The Offer is not being made, directly or indirectly, in, into or by use of the mails of, or by any means or instrumentality (including, without limitation, telephonically or electronically) of interstate or foreign commerce of, or any facilities of a national securities exchange of, any jurisdiction where local laws or regulations may result in a significant risk of civil, regulatory or criminal exposure if information concerning the Offer is sent or made available to MP Evans Shareholders in that jurisdiction (a “Restricted Jurisdiction”) and the Offer will not be capable of acceptance by any such use, means, instrumentality or facilities or otherwise from or within any Restricted Jurisdiction.

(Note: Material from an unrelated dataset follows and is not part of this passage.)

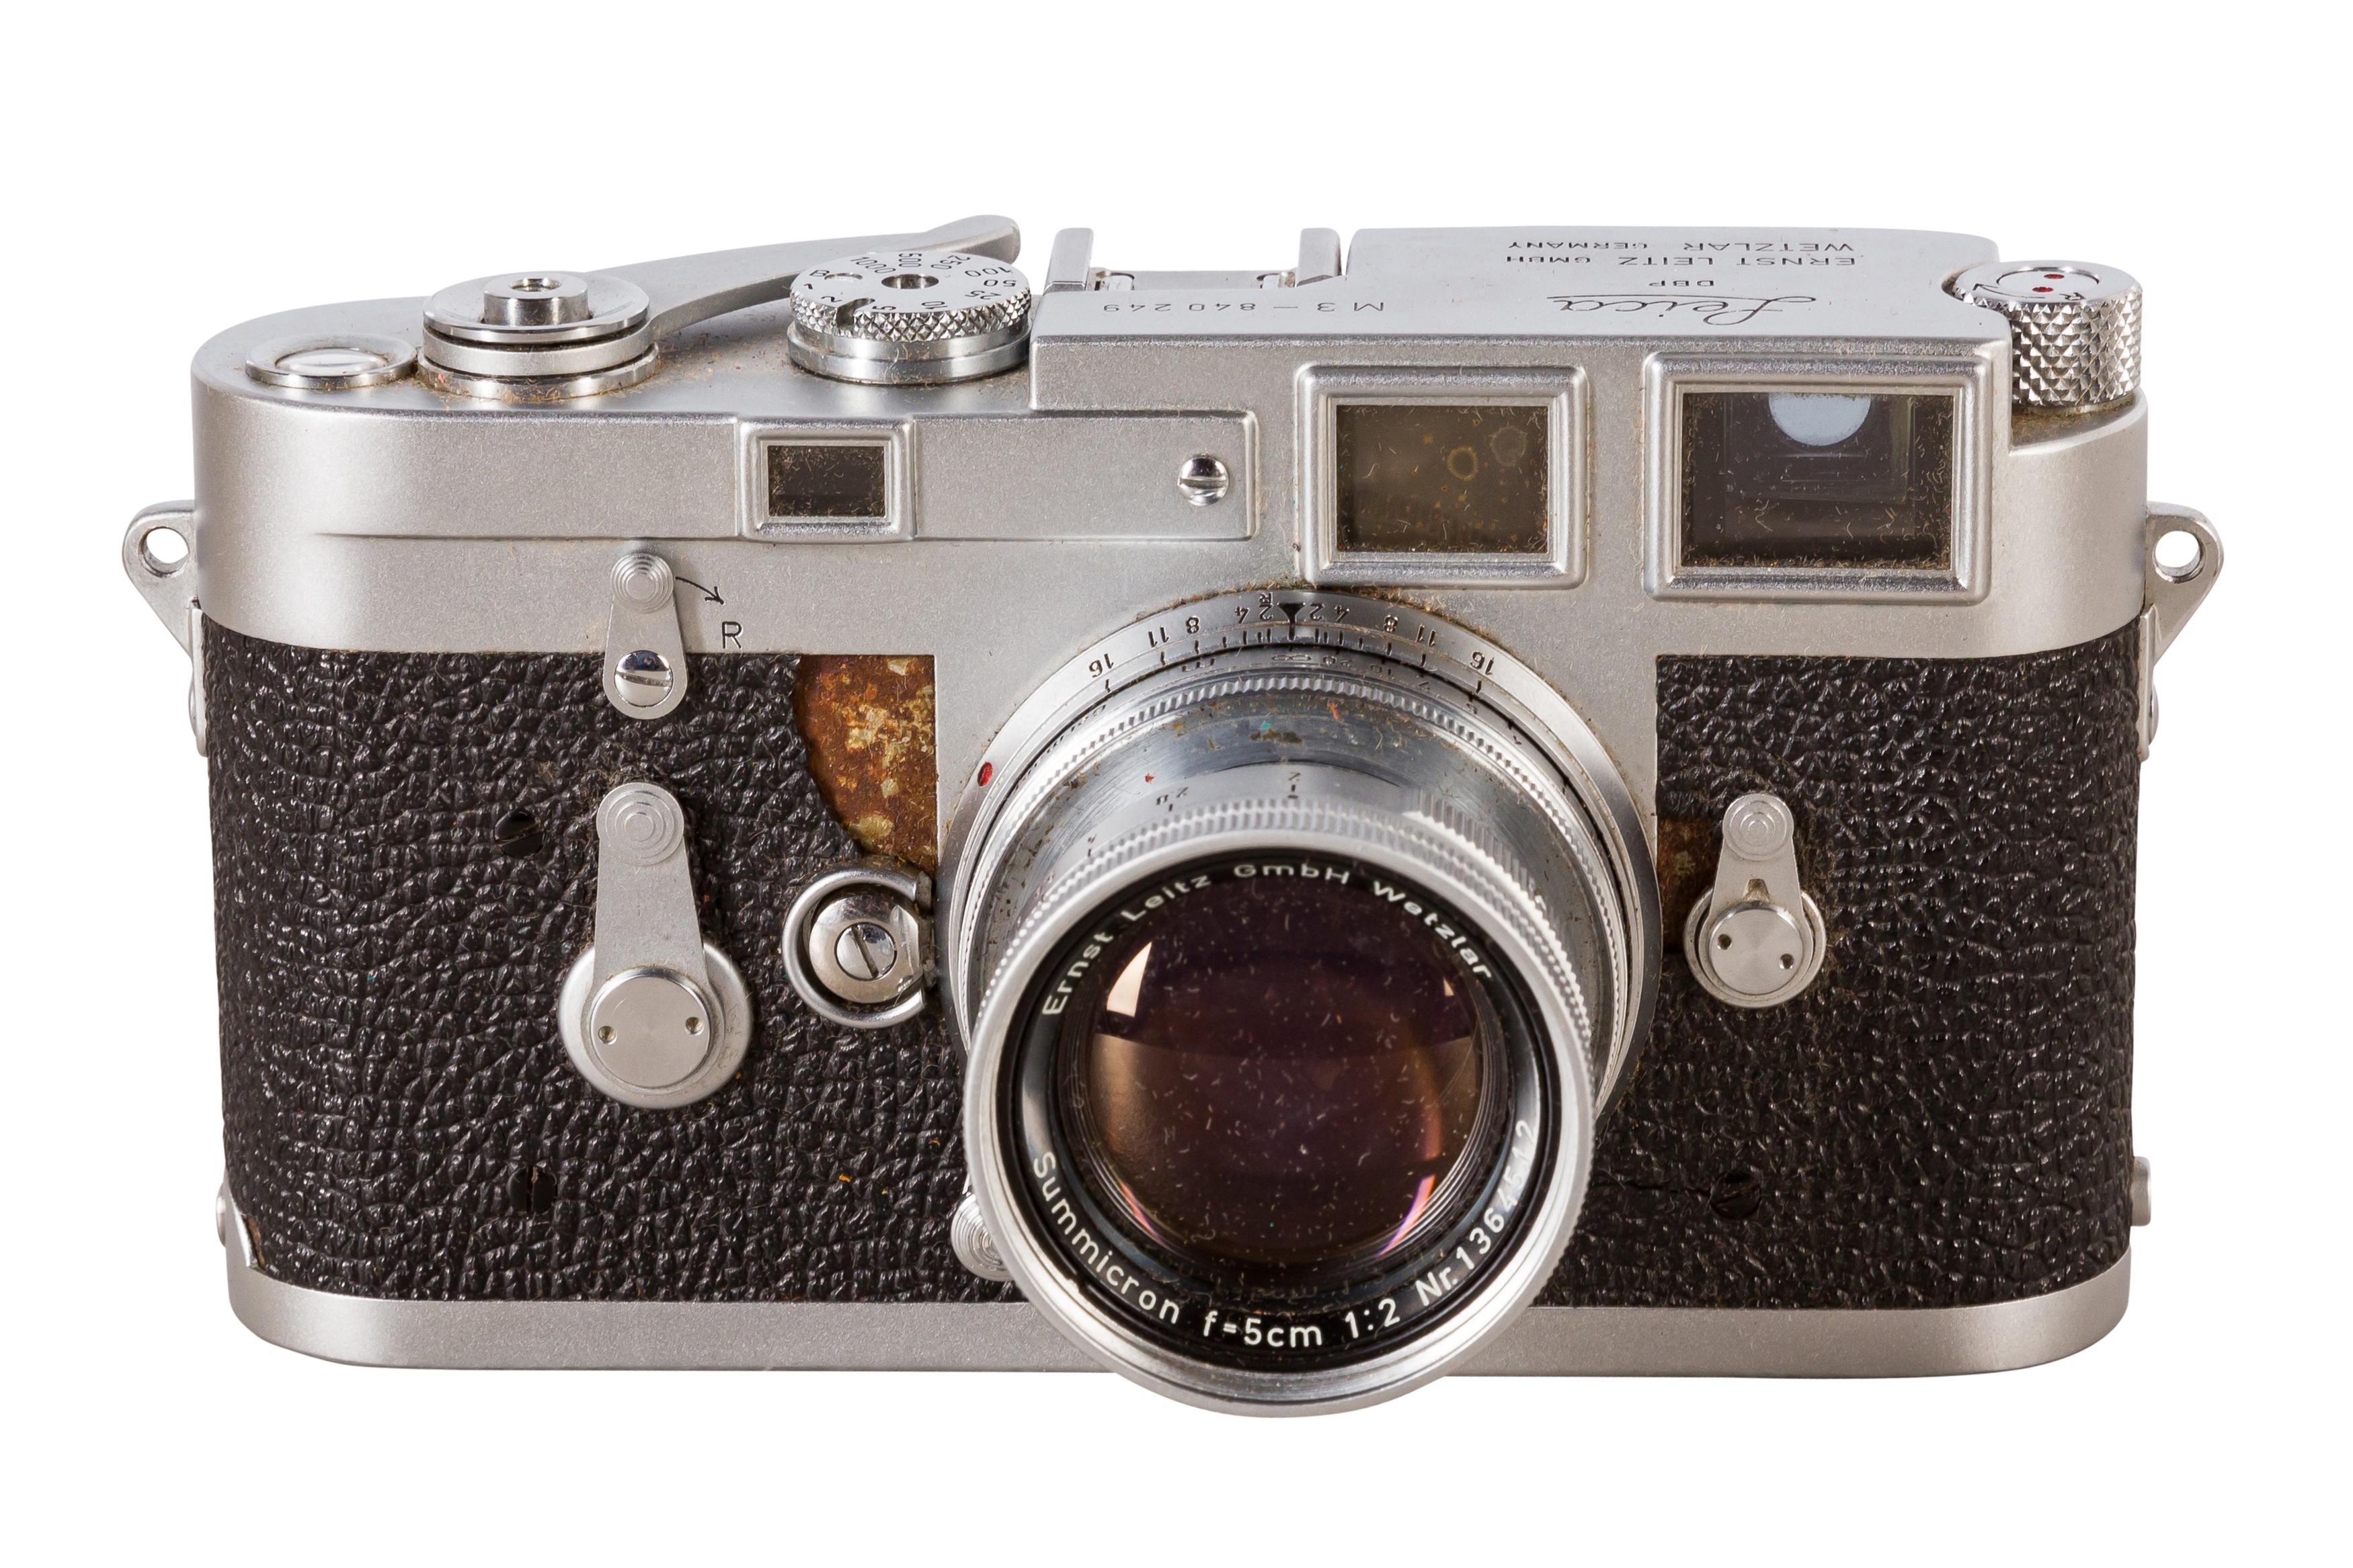 A Leica M3 DS Rangefinder Camera  - Image 2 of 5

This advertisement is not being published, mailed, transmitted or otherwise distributed or sent to, into or from any jurisdiction if to do so would constitute a violation of the relevant laws of such jurisdiction and persons reading this advertisement (including custodians, trustees and nominees) must not mail or otherwise distribute or send this advertisement, the Offer Document, the Form of Acceptance (nor any related document(s)) in, into or from such jurisdiction, nor use the mails of such jurisdiction or any such means or instrumentality for any purpose, directly or indirectly, relating to acceptance of the Offer and so doing may invalidate any related purported acceptance of the Offer. Any person (including, without limitation, any agent, nominee, custodian or trustee) who has a contractual or legal obligation, or may otherwise intend, to forward the Offer Document and/or any other related document to a jurisdiction outside the United Kingdom should inform themselves of, and observe, any applicable legal or regulatory requirements of their jurisdiction and must not mail, send or otherwise forward or distribute them in, into or from any Restricted Jurisdiction. Doing so may render any purported acceptance of the Offer invalid. Such persons should read paragraph 6 of Section B, paragraph 3 of Section C and paragraph 3 of Section D of Part II of the Offer Document before taking any action.

HSBC Bank plc (“HSBC”), which is authorised by the Prudential Regulation Authority and regulated in the United Kingdom by the Financial Conduct Authority and the Prudential Regulation Authority, is acting exclusively for KLK and KLKI and for no one else in connection with the Offer and will not be responsible to anyone other than KLK and KLKI for providing the protections afforded to clients of HSBC nor for providing advice in relation to the Offer. Neither HSBC nor any of its affiliates owes or accepts any duty, liability or responsibility whatsoever (whether direct or indirect, whether in contract, in tort, under statute or otherwise) to any person who is not a client of HSBC in connection with this advertisement, any statement contained herein, the Offer or otherwise.

Capitalised terms and expressions used herein shall, save where otherwise defined herein or where the context otherwise requires, have the meaning given to them in the Offer Document.